No miolo, contrapõe os desvios de Lula a deslizes de Sergio Moro — a liberação dos áudios das conversas do ex-presidente fora do prazo, a exigência de sua presença nos depoimentos de 87 testemunhas — depois de dizer que a libertação de José Dirceu pelo STF vai “higienizar” a Lava Jato de seus excessos. Em nenhum momento, entra nas circunstâncias políticas que envolvem os ministros que o soltaram.
Longa matéria no Uol, o site de notícia e entretenimento da Folha de S. Paulo, repete a pretensão a partir do título: Lula e Moro ficarão frente a frente: veja os principais embates entre os dois.

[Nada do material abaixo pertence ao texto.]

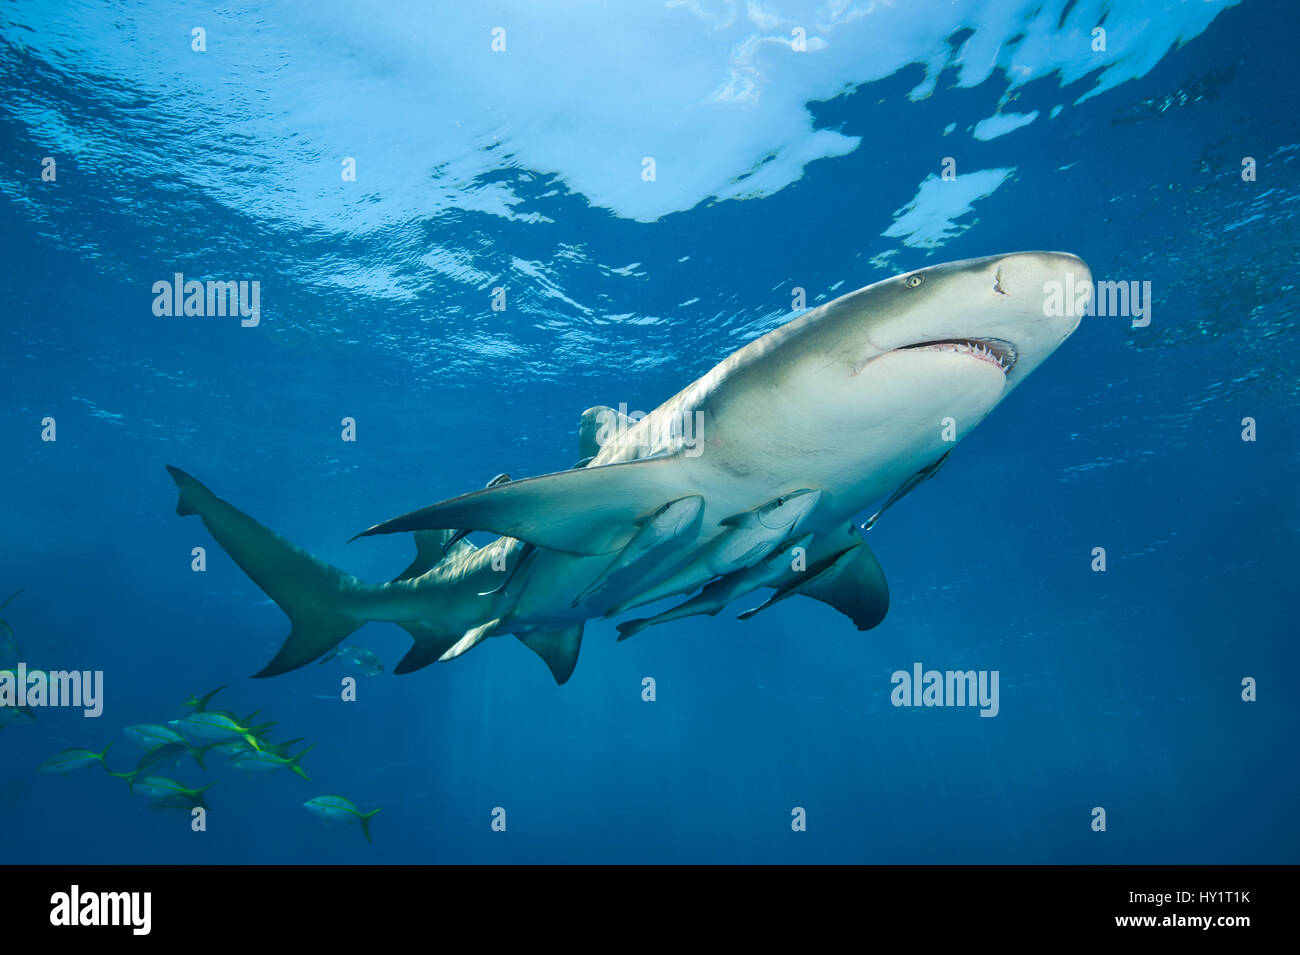 Le requin citron (Negaprion brevirostris) accompagné par Remoras (Echeneis naucrates) nager près de la surface. L'île de Grand Bahama. Bahamas. Ouest de l'océan Atlantique tropical. Banque D'Images

Aqui, o redator é mais cruel com Moro, lembrando os áudios, o caso das 87 testemunhas e a foto em que o juiz aparece rindo involuntariamente numa foto ao lado do senador Aécio Neves. Ao contrapor seus métodos ao dos seus oponentes, chama de bate-boca as advertências do juiz contra as chicanas dos advogados.
Já se sabe que um dos principais tipos de injustiça é tratar diferentes de forma igual. No jornalismo, o pior tipo de parcialidade é dar o mesmo status a personagens diferentes de situações diversas para colocar todo mundo no mesmo saco.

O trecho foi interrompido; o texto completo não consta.